Нет, это не дерево. Таких деревьев не бывает. У кого повернётся язык назвать это черешней? Черешней это было в апреле – даже не черешней, а черешенкой. И в мае тоже, и всё лето потом, и ещё совсем недавно, я помню.
Были такие зелёные бугорочки, потом цветы были, потом листья и мелкие зелёные ягоды. Потом ягоды созрели, и мы их ели все: окрестные дети, я, птицы и Спиридон. Спиридон сначала не хотел, однако скоро распробовал и всегда первым делом бежал к черешне, и лаял, выпрашивая ягоды, а после весьма смачно ими чавкал и сплёвывал косточки. К концу июня мы съели всё, и листья стали пыльные и чуть лопухастые, но дерево продолжало оставаться деревом – шуметь листвою и воробьями, давать небольшой, но очень приятный тенёчек и вообще.
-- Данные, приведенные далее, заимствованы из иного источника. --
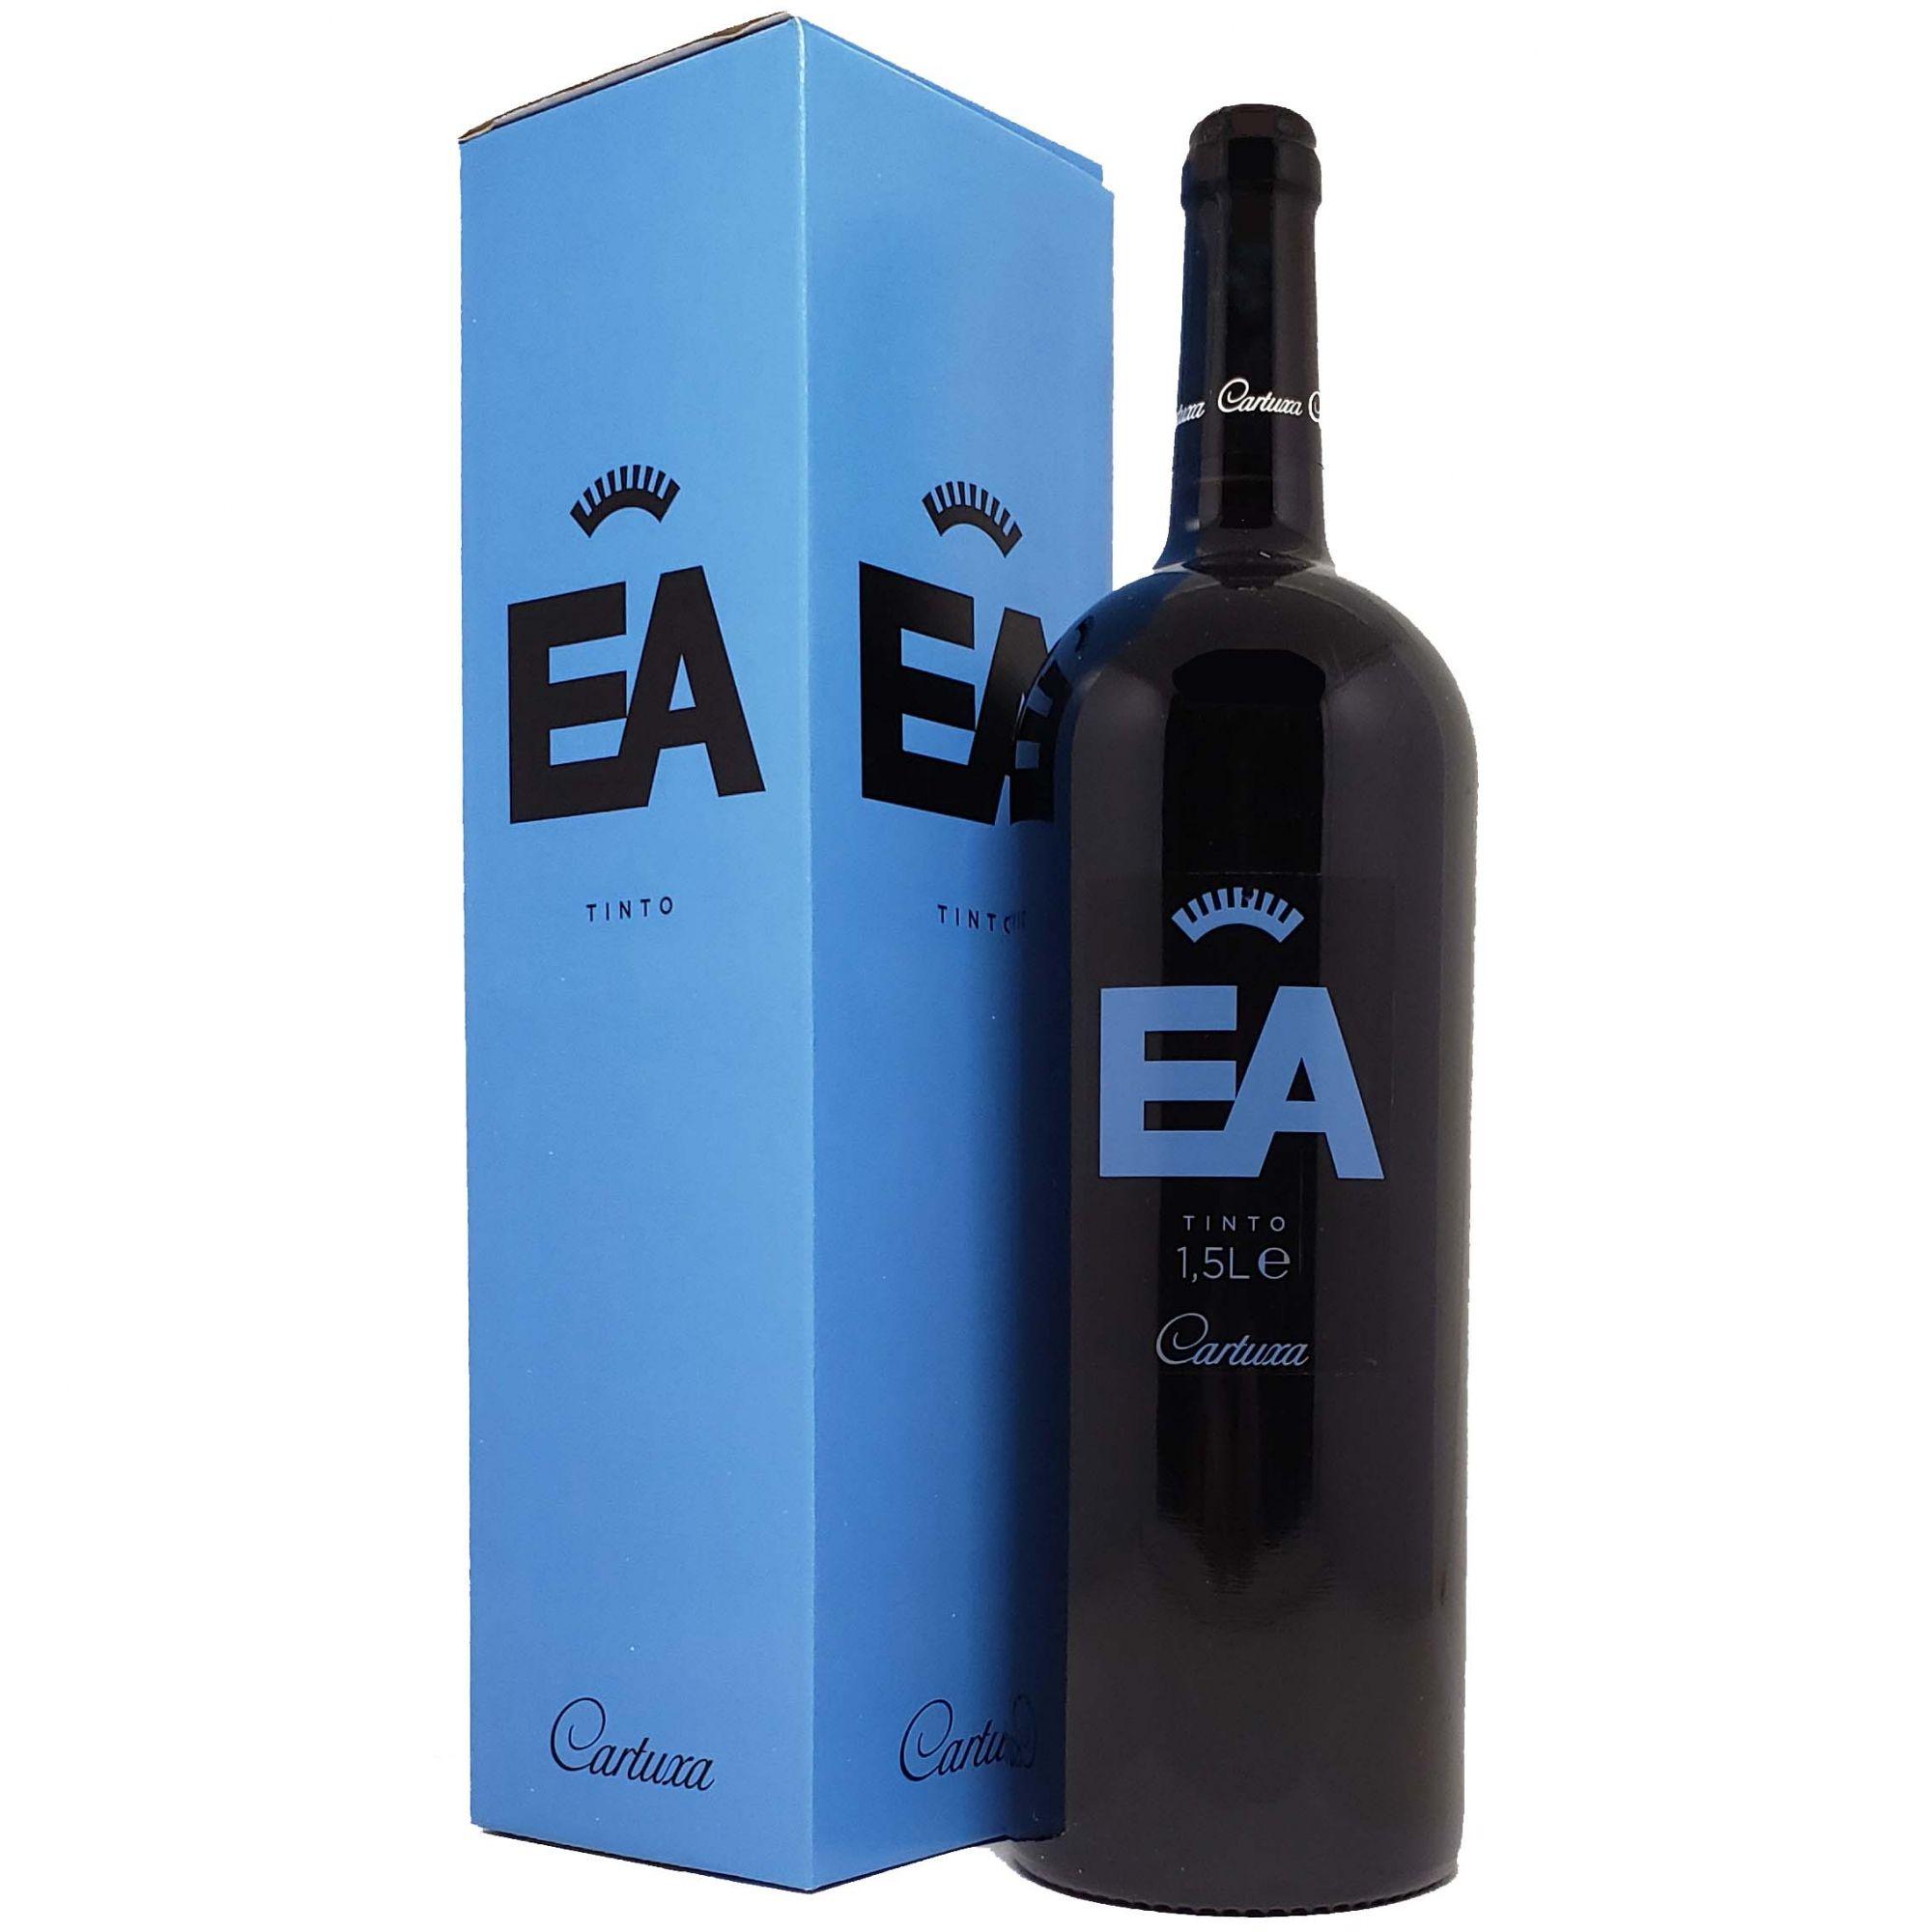 Vinho Tinto Cartuxa EA - 1,5L -

А что теперь? Какие-то палочки и прутики, обвешанные жёлтыми лоскутьями. Стоит и молчит. По густой, фантастически прекрасной желтизне играет серенькими бликами смертная истома, кругом ветер носит лёгкую, подсвеченную солнцем дымку. Это не черешня, нет. Черешни остались в другом мире, в том, где было лето. А это что-то непонятное - хотя и красивое, ничего не скажешь.
Кот залезает на самую верхушку и орёт. И так просто орёт, но особенно, когда птицы пролетают. Переживает. Он родился этой весною и никогда не видел ничего подобного. Причём, осень ему, скорее, нравится. Запахи нравятся, и листья падающие ловить, и орехи в листве находить и гонять. Громко переживать тоже нравится. Первая осень – это тревожно, приятно и удивительно. Мурляу!
Ладно кот - но я-то, я-то чего? Я же родился никак не этой весною, а гораздо, гораздо раньше. Пятый десяток мне. А всё равно удивляюсь и переживаю – как в первый раз.